LET YOUR COMPUTERS DO THE TALKING
In the meantime, a prominent industry organization has joined the digitalization cause. Though it’s perhaps best known as a standards-setting body, the National Motor Freight Traffic Association (NMFTA) has also been developing technology to facilitate automated communications among shippers, carriers, and third parties. To be specific, it’s been working to create a protocol that allows computers to exchange freight data directly, eliminating the need for humans to handle the task via phone calls and emails.
Those efforts came to fruition about two and a half years ago when the NMFTA’s Digital LTL Council—a coalition of less-than-truckload (LTL) carriers, shippers, 3PLs, and tech developers—unveiled an API (application programming interface) standard designed to streamline the exchange of electronic bills of lading (eBOLs). The new standard quickly gained traction with carriers, logistics service providers (LSPs), and shippers, who found that it reduced their costs and errors and improved overall communication and service, says Keith Peterson, director of operations at NMFTA.
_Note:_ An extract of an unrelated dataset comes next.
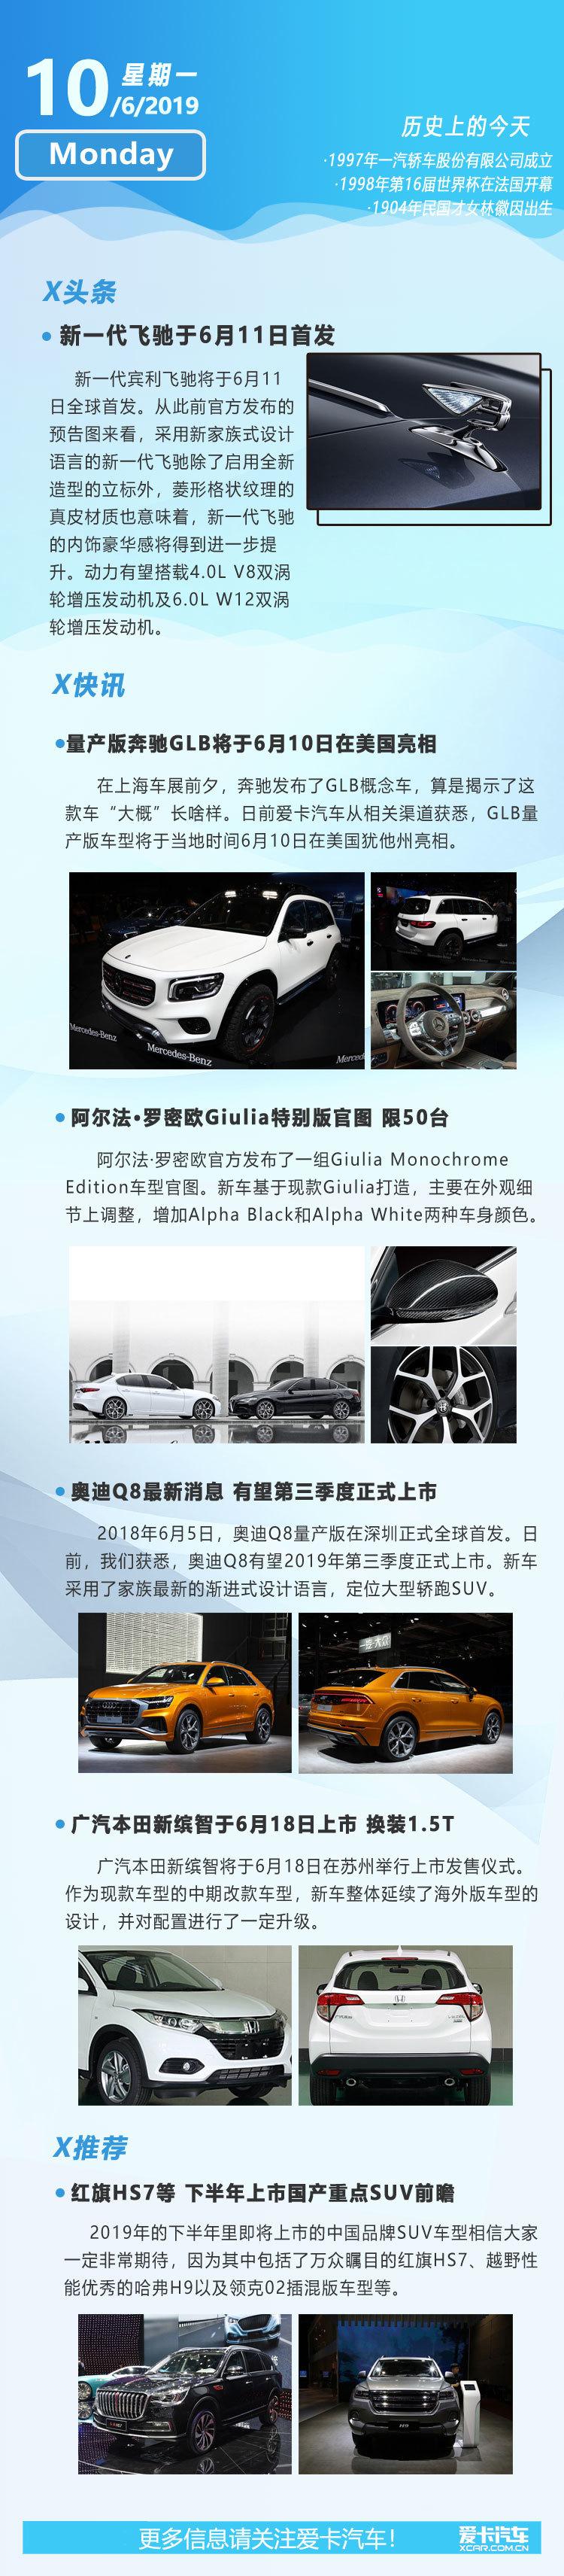 6月10日早报 新一代飞驰/奔驰GLB等新车

Buoyed by that success, the Digital LTL Council recently released a second API, its “Pickup and Visibility” offering, which is designed to standardize communications regarding pickup requests and the status of a requested pickup. And there’s more to come, according to Peterson. He says the group will soon launch four more APIs, which will address preliminary freight charges, in-transit visibility, invoicing and rate disputes, and rate quotes and cargo claims.
The effort is now expanding beyond the LTL sector. In late December, NMFTA announced plans to roll out a similar series of APIs through its newly formed Digital Full Truckload Council. Those new APIs will complement the work done by another standards-setting body, the Scheduling Standards Consortium (SSC), which was formed in 2022 to simplify the integration of systems used by shippers, truckload carriers, and intermediaries and create a more efficient appointment scheduling process, Peterson says.
Despite the industry’s initial skepticism, it seems that digitalization can indeed be applied to one of the most purely physical links in the supply chain—moving heavy boxes from point A to point B. And as the new generation of digital tools continues to expand, logistics partners at every node of the network stand to realize benefits such as time and labor savings, increased accuracy, quicker turnover of trucks and trailers, and faster delivery of loads to their final destination.